When George Bush threw up at a state dinner in Tokyo last January, he inadvertently expressed the appropriate response to the special pleadings of America's Big Three automakers. Unfortunately, it was Japanese Prime Minister Kiichi Miyazawa, rather than Chrysler chairman Lee Iacocca, who bore the brunt of the president's nausea.
Though a public-relations disaster, Bush's trip, by highlighting the hypocrisy of Iacocca et al., may yet have a positive impact on trade policy. It's difficult to see how anyone who followed the story could have failed to see the mendacity of these self-proclaimed free-trade advocates: We're not protectionists, they said, but we may not be able to stop Congress from slapping more tariffs on Japanese imports unless trade relations improve.
There is room for improvement. Like the United States, Japan maintains various trade barriers, including some in the auto industry. But the sort of improvement the Big Three have in mind is evident from their response to Japanese concessions.
Among other things, the Japanese government agreed to offer low-interest loans and tax incentives to U.S. firms doing business in Japan. Japanese car companies said they would buy more foreign-made auto parts and try to double the number of U.S. cars sold in Japan each year. American automakers objected not to the nature of these commitments but to their size.
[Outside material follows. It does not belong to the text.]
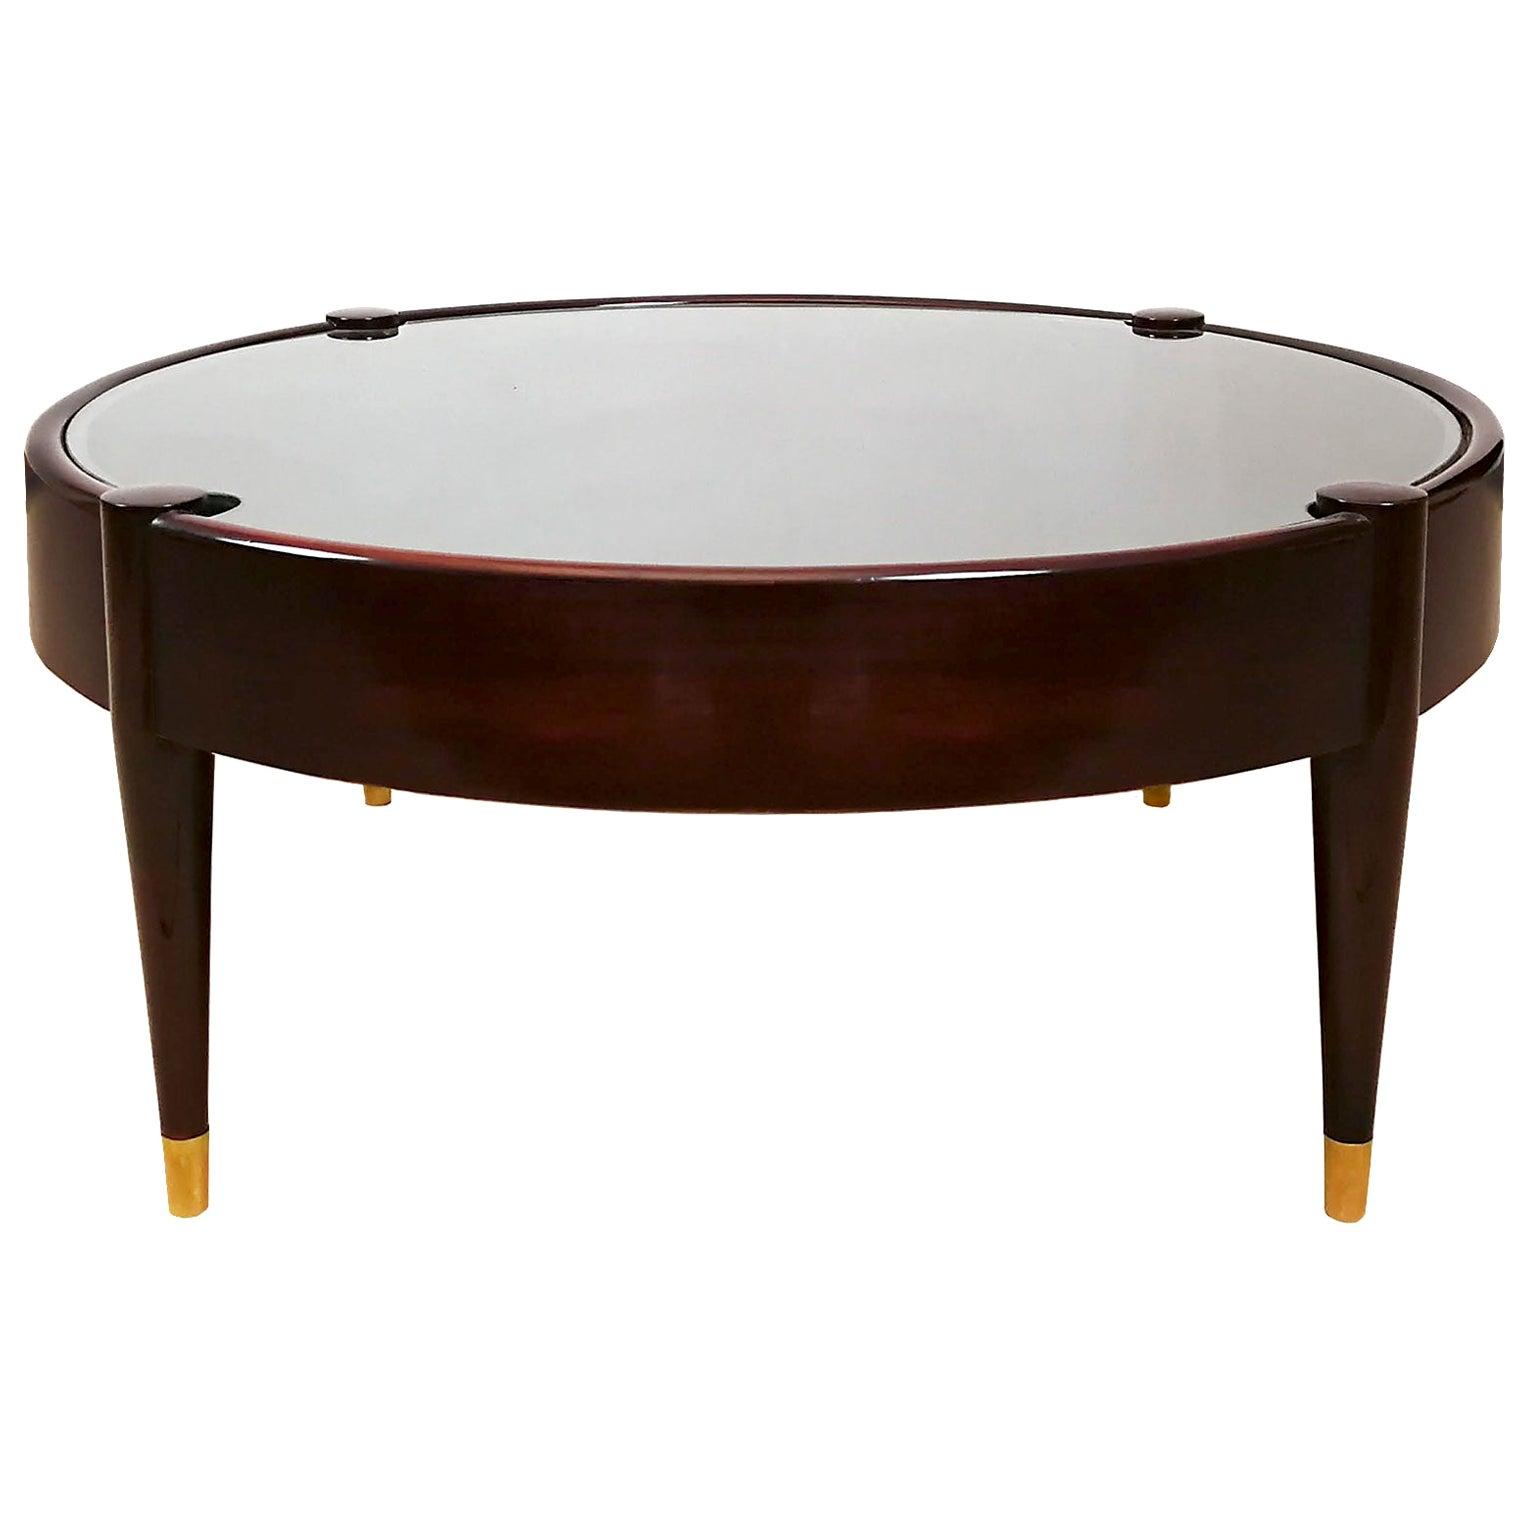 1960s Round Vitrine-Coffee Table by Jordi Vilanova, Walnut, Leather, Barcelona
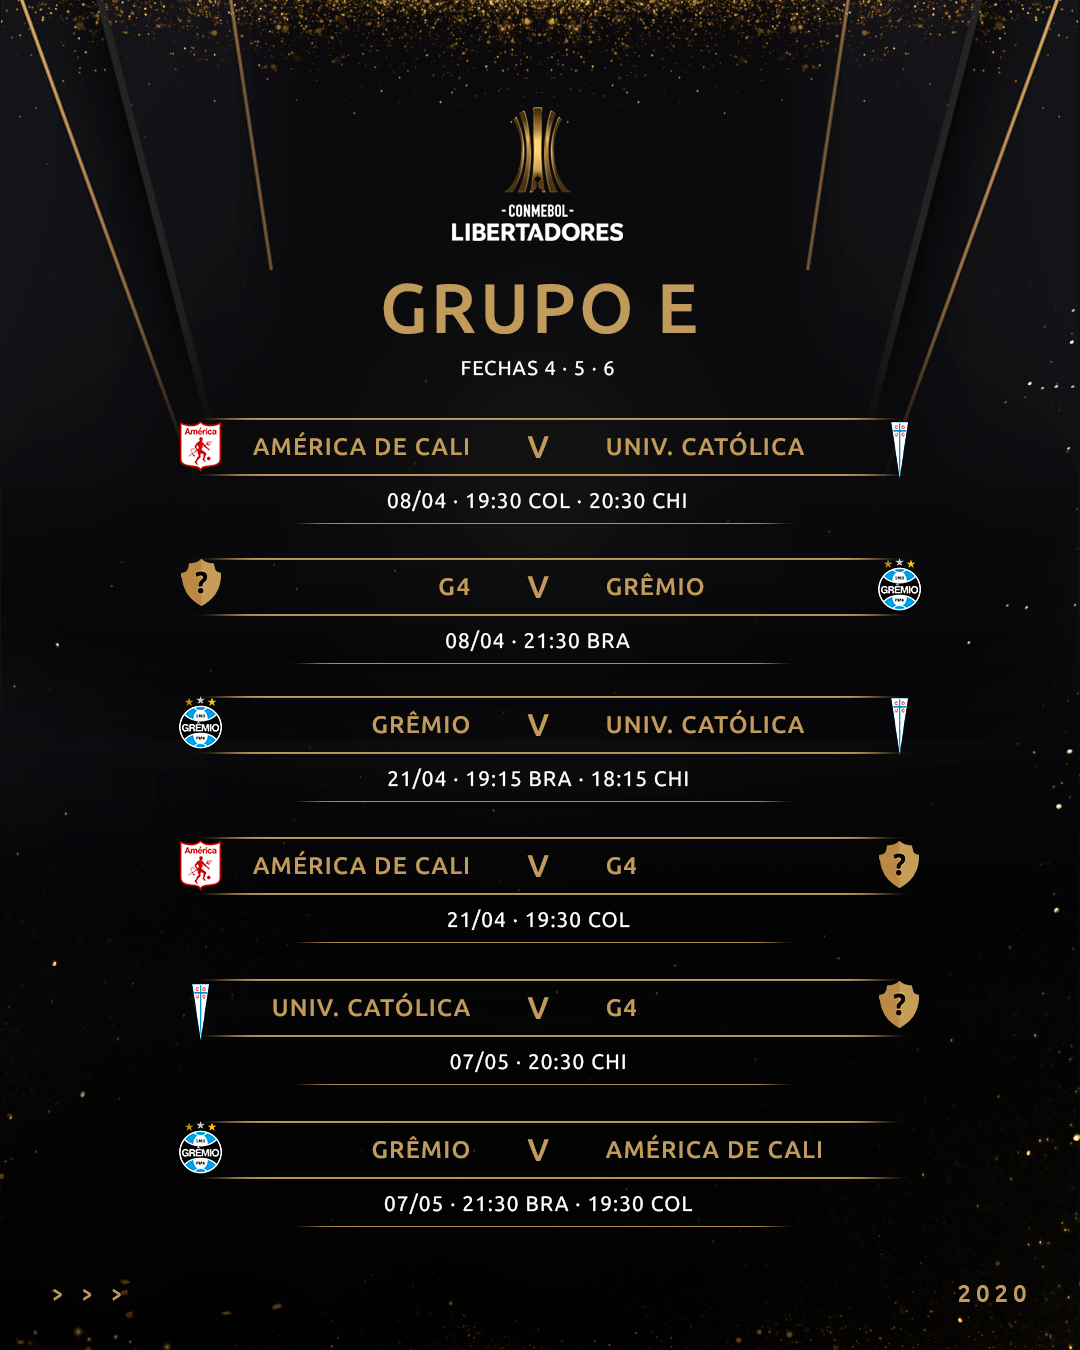 Grupo E Fixture

They like the idea of special assistance and guaranteed sales.
You might think that the Big Three would be embarrassed by the implication of this approach—that American manufacturers cannot compete without affirmative action. But like arrogant beggars, the heads of America's car companies consider a handout a matter of right rather than charity. "We didn't ask them to make concessions," insisted G.M. chairman Robert C. Stempel. "We're not asking that they give us anything. We're just asking to compete."
Of course, they're asking for much more than that: They're asking—really, demanding—to compete without risk. When asked why they don't open manufacturing plants in Japan, why they don't set up their own distribution systems, why until recently they couldn't even produce a car with the steering wheel on the right side to accommodate Japanese drivers, U.S. automakers always give the same response: Too risky. We can't make those kinds of investments until we have enough sales volume to justify them.
"It would be nice to have factories here, but you go where you are wanted," Iaccoca said. "Obviously, if the market really starts to grow, you would like your own distribution system," Stempel said, "but we are not considering that now."
Japanese automakers think their U.S. counterparts have it exactly backwards: You build sales by making investments up front, by adapting your product to the new market, by taking a chance. The evidence suggests that this approach works. Such companies as Applied Materials, Schick, and Coca-Cola have pursued it successfully in Japan. And Japanese companies have used it to capture one-third of the U.S. car market. By contrast, American companies make less than 1 percent of the cars sold in Japan.
It's not credible to attribute this huge difference entirely to exclusionary trade practices, as the Big Three implicitly do. While some Japanese policies discourage private car ownership and raise the prices of foreign vehicles, they cannot account for the virtual absence of American cars from the Japanese marketplace. They certainly cannot explain why European car-makers are much more successful in Japan than their U.S. competitors, or why the Big Three are losing ground to the Japanese at home.
Indeed, complaints about Japanese protectionism from American car-makers are notably short on specifics. Taking a cue from U.S. civil-rights law, the Big Three prefer simply to assume that any statistical disparity is due to unfair discrimination. They try to justify this assumption, if at all, by citing the improved quality of American cars. But these speeches are aimed at politicians and policy makers rather than consumers. And that, in a nutshell, is the problem.